Finally! A new refinery

It's been a long time coming but it looks like we may get our first new oil refinery in over 30 years. By a margin of 58% to 42% the voters in Union County, S.D. have approved the re-zoning of 3292 acres for a new oil refinery. Hyperion Energy has promised billions of dollars in capital investment and thousands of high paying jobs. The construction of the refinery will require 4500 jobs over a four year period and when the plant is in operation it will provide over 1800 full time jobs at a pay scale of $20-$30 dollars per hour.

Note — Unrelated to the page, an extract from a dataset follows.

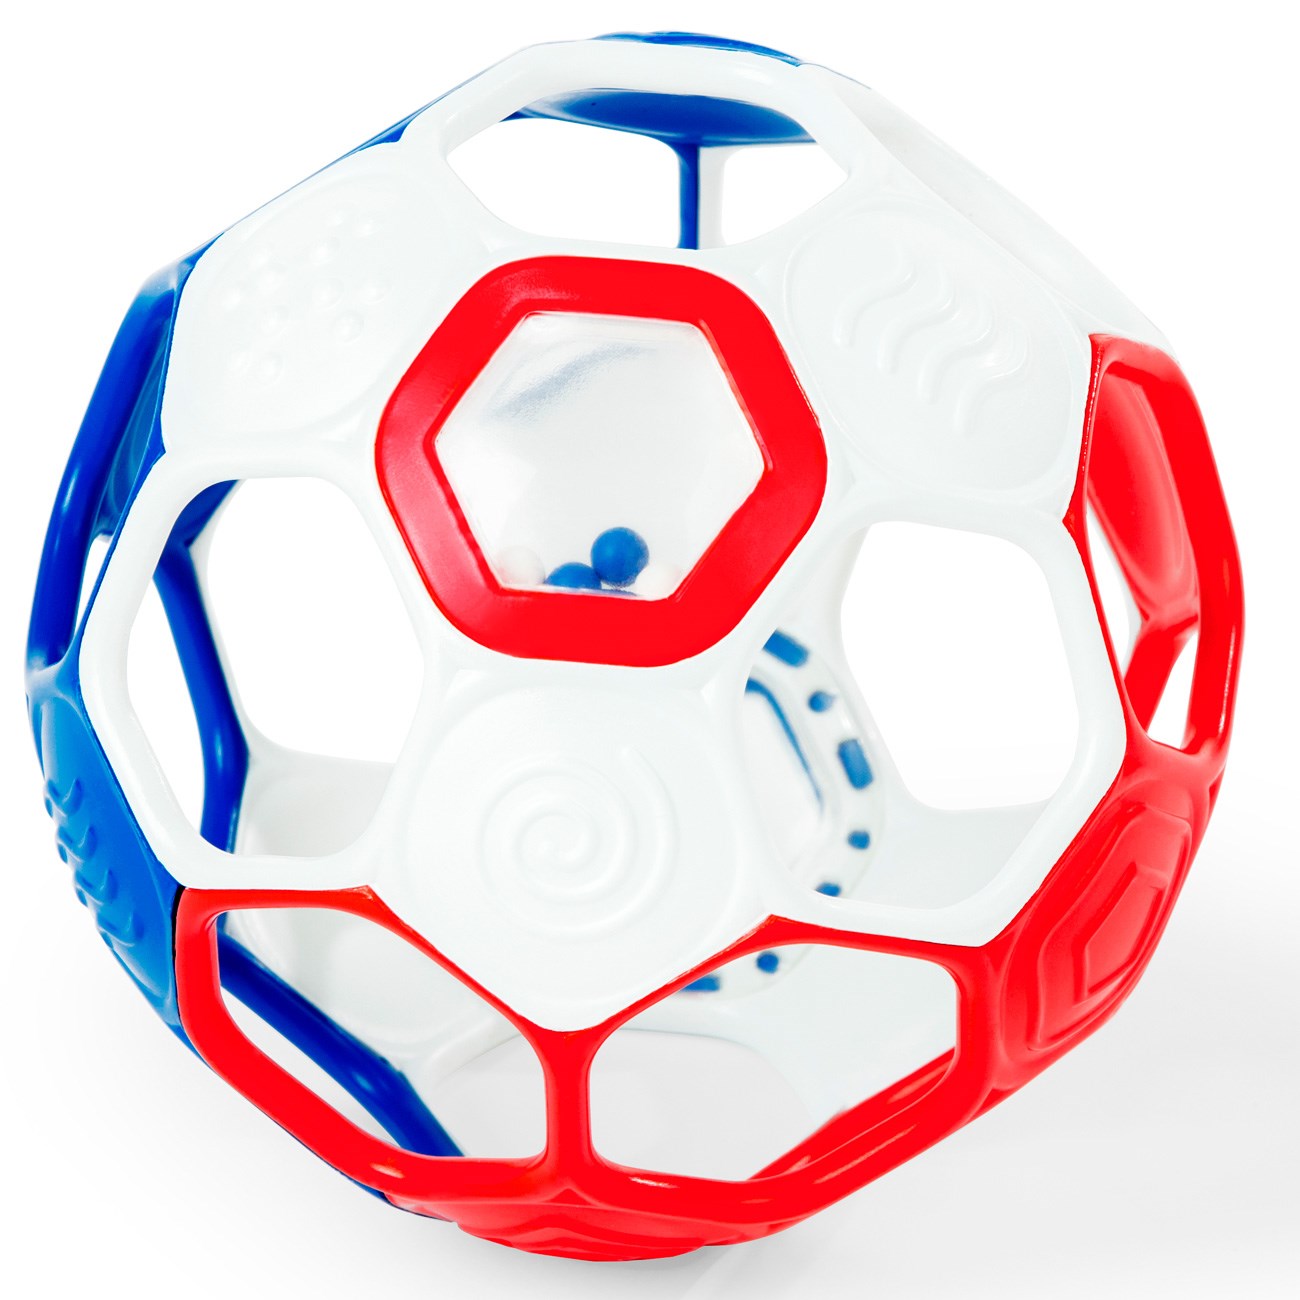 Oball Soccer Football (Red/White/Blue)

The Sioux City Journal has the story
here:

ELK POINT, S.D. -- Flashing a smile, Joyce Bortscheller briefly hugged Hyperion Energy Center executive Preston Phillips as she greeted him in the backyard of her home here.

Bortscheller, president of the Elk Point City Council, had invited about 250 supporters to an outdoor barbecue Tuesday to await the returns for arguably the most important election in Union County's history. The big crowd didn't leave disappointed.

As midnight approached, they popped the champagne corks, celebrating a hard-fought victory that keeps alive the county's chances of landing the nation's first all-new oil refinery in 32 years.

By a solid 58 percent to 42 percent margin, county voters approved Hyperion's request to rezone 3,292 acres of farm land for a new classification, Energy Center Planned Development.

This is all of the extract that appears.